# Exercise directions
Return each line below exactly as it reads, and omit any image in it.

# Supplied material

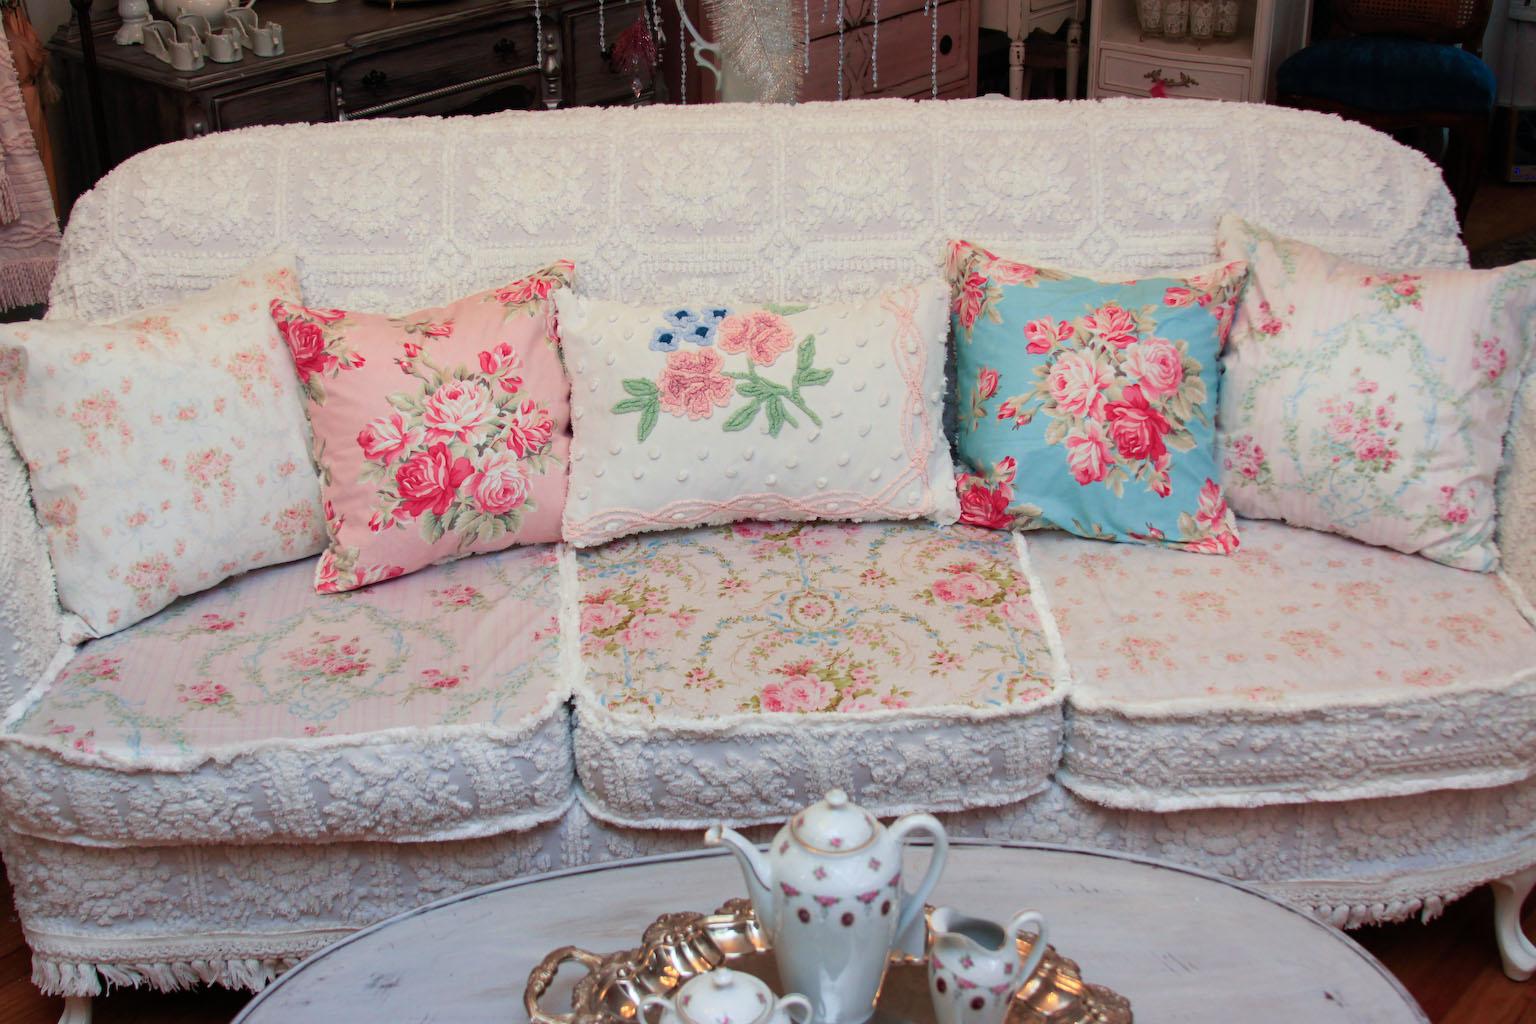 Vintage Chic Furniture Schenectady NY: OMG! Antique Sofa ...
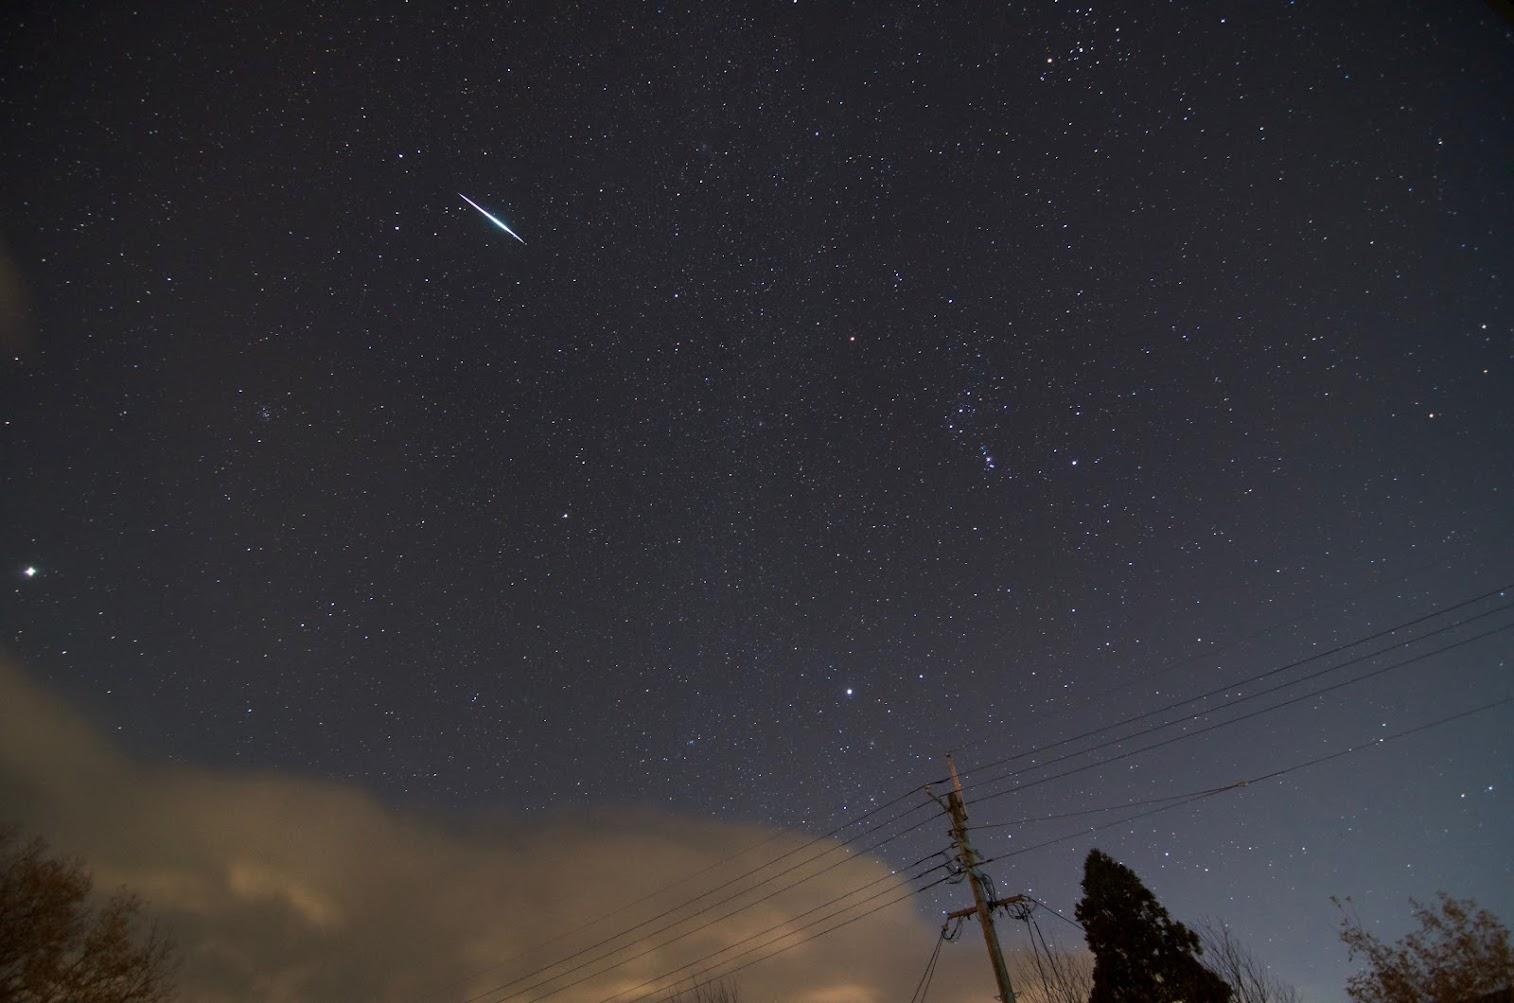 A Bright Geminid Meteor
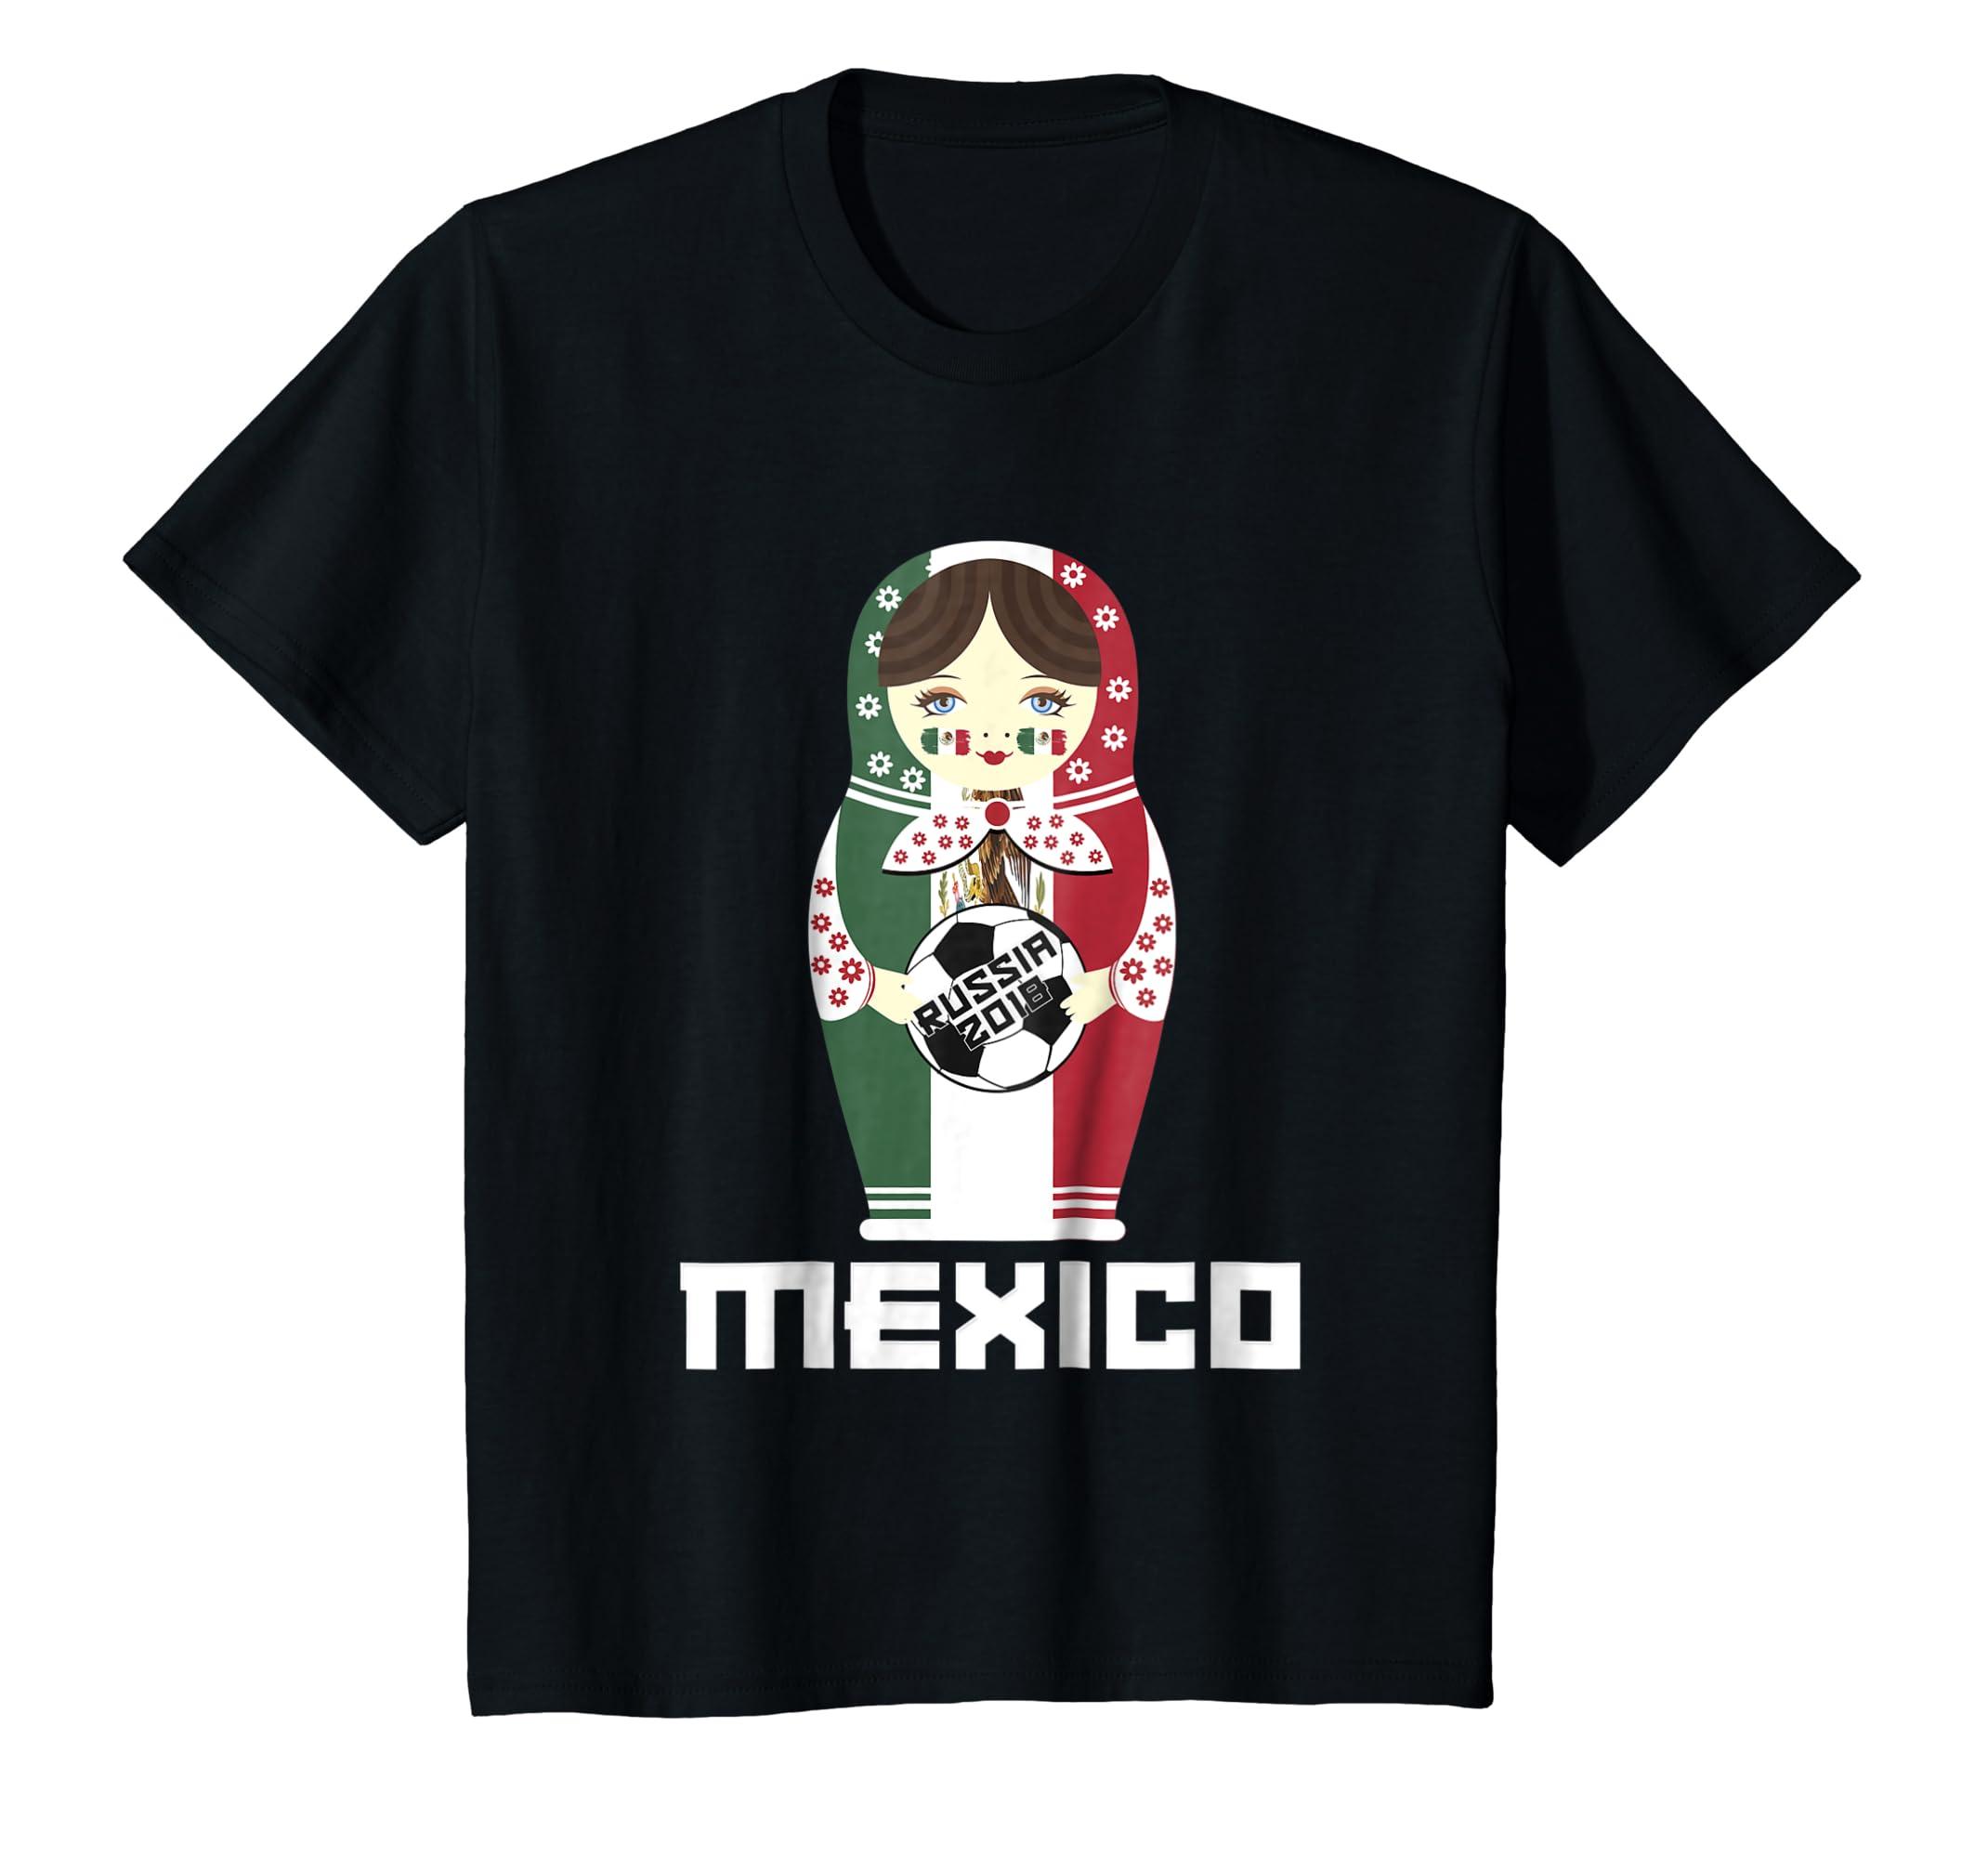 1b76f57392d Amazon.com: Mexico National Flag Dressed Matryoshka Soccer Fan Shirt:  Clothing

# Response
 Vintage Chic Furniture Schenectady NY: OMG! Antique Sofa ...
 A Bright Geminid Meteor
 1b76f57392d Amazon.com: Mexico National Flag Dressed Matryoshka Soccer Fan Shirt:  Clothing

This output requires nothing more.